Расположившись на кухне за столом, он тщательно, не торопясь, удалил всю смазку, протер пистолет, вложенную в него обойму, протер две запасные обоймы, сделал несколько холостых щелчков, убедившись в том, что пистолет к работе готов. После этого вогнал обойму в рукоятку, вдвинул первый патрон в ствол и опустил предохранитель.
Все.
Теперь пистолет действительно был готов к работе.
Уже погасив свет, выйдя на площадку и заперев за собой дверь, Апыхтин вдруг остановился, что-то его обеспокоило. Он снова вошел в квартиру и вынул из пластмассовой корзины, стоявшей в ванной, белую промасленную тряпку.
Это была бы неприятная ошибка.
Тряпку со следами машинного масла он бросил в мусорный ящик, пройдя два или три двора. Какая-то нечеловеческая осторожность проявлялась в самых невинных его поступках. Днем он снова носил большие, чуть затемненные очки в тонкой золотой оправе. Теперь даже специалист не смог бы обнаружить на его глазах накладные линзы. Купил себе тонкие лайковые перчатки и везде, где только мог, был в них, в этих перчатках. Если жара не позволяла надеть их, он, выходя из дома, смазывал пальцы тонким слоем клея, который начисто скрывал все отпечатки. Пистолет Апыхтин решил держать при себе за поясом, но сзади - свободный легкий пиджак полностью скрывал все выступы на спине.
Пройдя по безлюдному, залитому лунным светом городу, он вдруг понял, что хочет позвонить Кандаурову.
- Пора, Костя, пора, - пробормотал он, подходя к длинному ряду телефонов, установленных недалеко от центра рядом с автобусными, троллейбусными остановками.
Телефон у авторитета был с определителем номера, в трубке долго пищали разноголосые перезвоны, и наконец, словно после мучительных колебаний, Кандауров поднял трубку.
- Алло, - сказал он настороженно. - Кто нужен?
- Кандауров нужен.
- Кто говорит?
- Ладно, Костя, ладно… Апыхтин говорит.
- Володя! - радостно заорал Кандауров. - Приехал?!
- Нет еще, еду.
- Откуда звонишь?
- Остров есть такой в Средиземном море… Кипр называется.
- Ты еще там?!
- Осталось не то два, не то три дня… Как вы там поживаете?
- По-разному, Володя, по-разному.
- Другими словами - плохо?
- Сказать, что сплошь одна радость безмерная… Нет, так сказать нельзя. Помнишь, в наш банк одно время зачастил мужик за кредитом… Автоколонку собирался строить, помнишь?
- Построил?
- Сегодня вечером завалили мужика.
- За что?
- За что могут завалить, - вздохнул Кандауров. - Денег хотели.
- А он не давал?
- Не давать он не мог… Или мало давал, или не тому.
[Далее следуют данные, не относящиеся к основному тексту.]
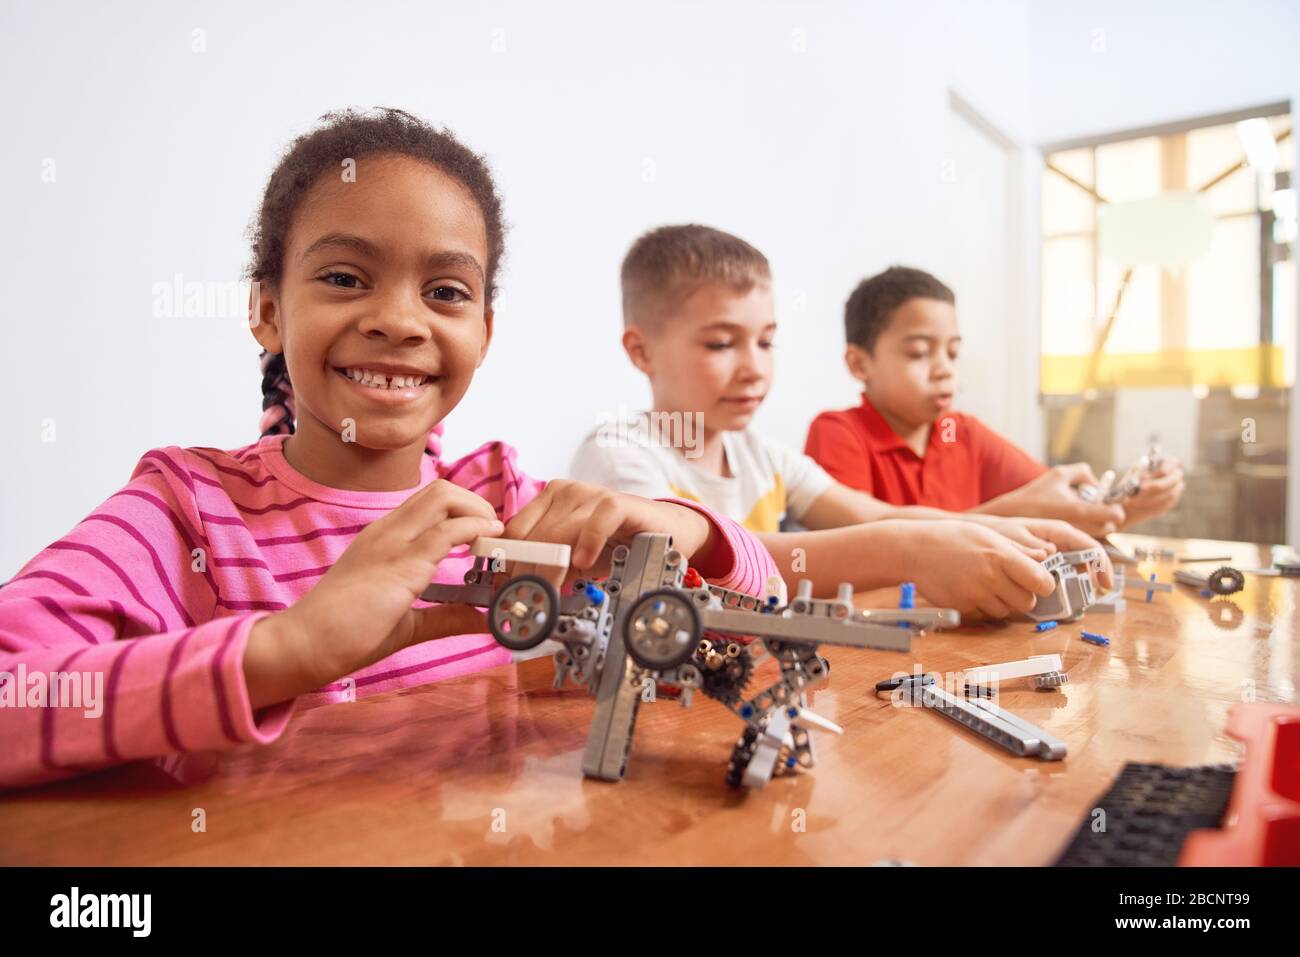 Vue latérale du kit de construction pour un groupe de trois enfants multiraciaux créant des jouets, ayant des émotions et de la joie positives, fille africaine souriant et regardant la came Banque D'Images

- Он же под твоей «крышей» был? - Апыхтин нанес удар сознательный, болезненный.
- Был.
- И я был.
- Ты и сейчас под моей «крышей».
- Да? - удивился Апыхтин. - Надо же…
- Володя, - тихо проговорил Кандауров, - не надо так со мной… Мне сейчас плохо, но я разберусь. Прошло совсем немного времени, Володя, совсем немного. Это тебе в дальних путешествиях кажется, что все произошло очень давно.
- Мне так не кажется.
- Прости, я плохо сказал.
- Какие успехи, Костя?
- Я вышел на бабу, которая их знала. Они ее зарезали в ту же ночь. Точно так же. Юферев вышел на мужика, который мог кое-кого опознать… Результат тот же.
- Вас опережают?
- Юферев вычислил машину, на которой они были в тот день… Оказался пустой номер - ее за день до этого угнали. Есть еще одна баба, Юферев ее знает, но мне выдавать не хочет. Ну ничего, выдаст.
- Вас опережают, Костя? - повторил Апыхтин.
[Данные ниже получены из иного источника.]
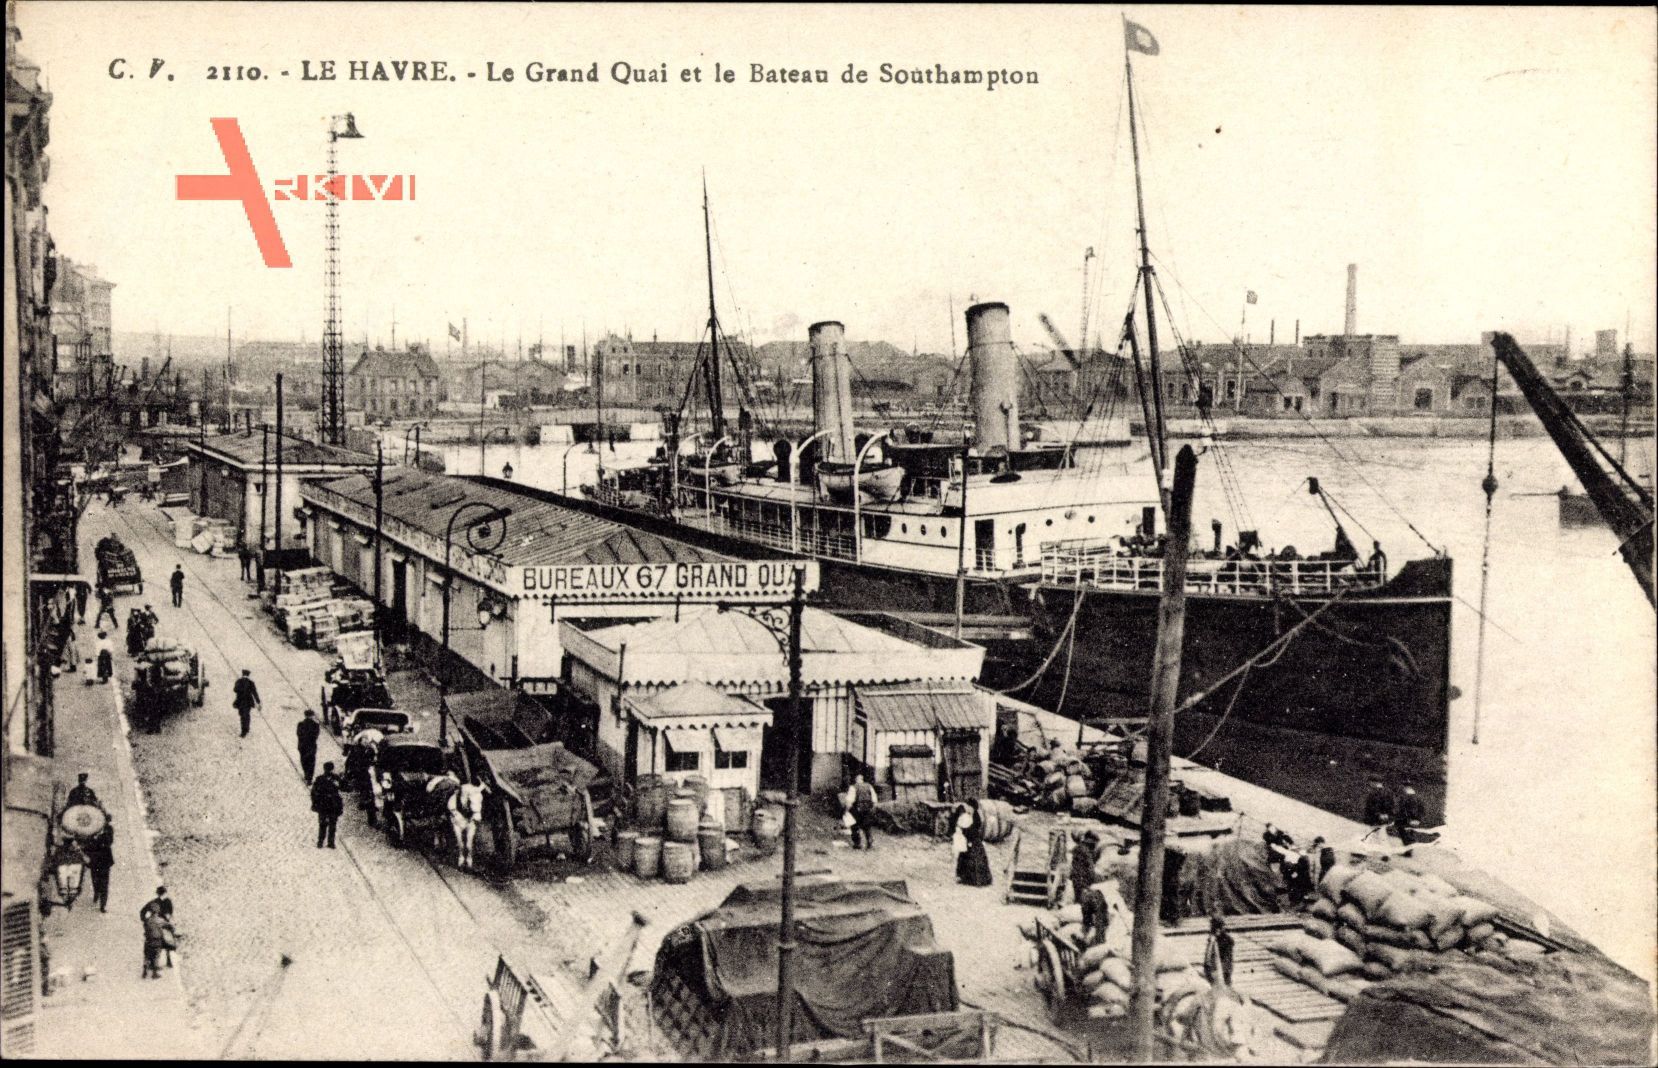 Le Havre Seine Maritime, Le Grand Quai et le Bateau de Southampton

- Да! - заорал Кандауров. - Но это не всегда так будет, Володя! Это не продлится слишком долго! Дай немного времени!
- Бери, - сказал Апыхтин с равнодушием в голосе. Он знал, что это вот спокойное, усталое, снисходительное равнодушие заденет Кандаурова сильнее всего, тот поймет, что в него просто не верят, его не берут в расчет.
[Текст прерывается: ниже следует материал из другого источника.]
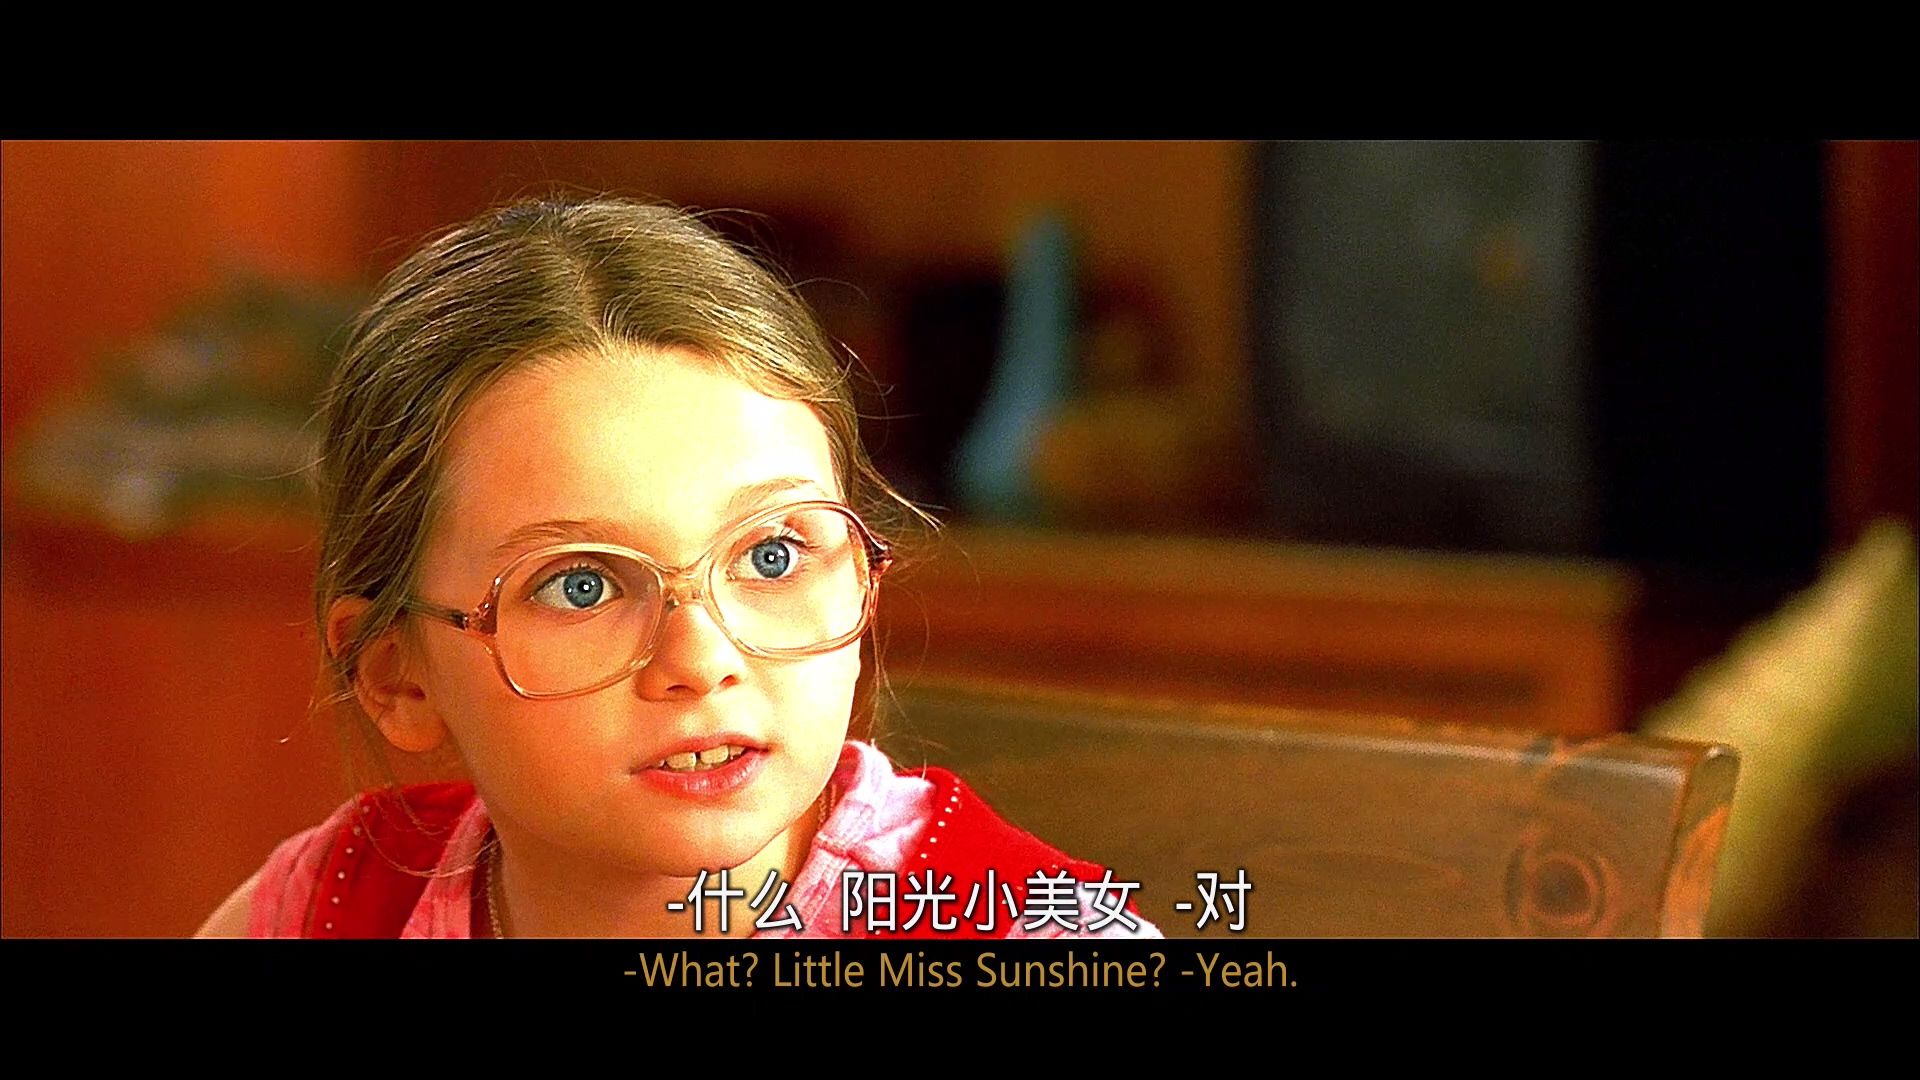 阳光小美女 [DIY上译/央视长影双国语+简繁R3双语简体.上译国配简体+菜单修改] Little Miss Sunshine 2006 1080p CEE Blu-ray AVC DTS-HD MA 5.1 DIY-Chinagear@HDSky    [35.27 GB ]-9.jpg

- Бей, Володя, бей… Я все стерплю… Но из этих отморозков я буду вытаскивать жизнь по одной жиле! Понимаешь, по жилке!
- Можно и так, - согласился Апыхтин. - Пока, Костя! Приеду - позвоню. Удачи тебе! - И повесил трубку.
Когда на следующее утро Юферев приблизился к своей конторе, из серого «мерседеса» ему навстречу вышел Кандауров - в светлом пиджаке, светлых брюках и в кожаных плетеных туфлях. Во всем его облике была легкость, порывистость, готовность немедленно куда-то мчаться, преодолевать препятствия и одерживать победы.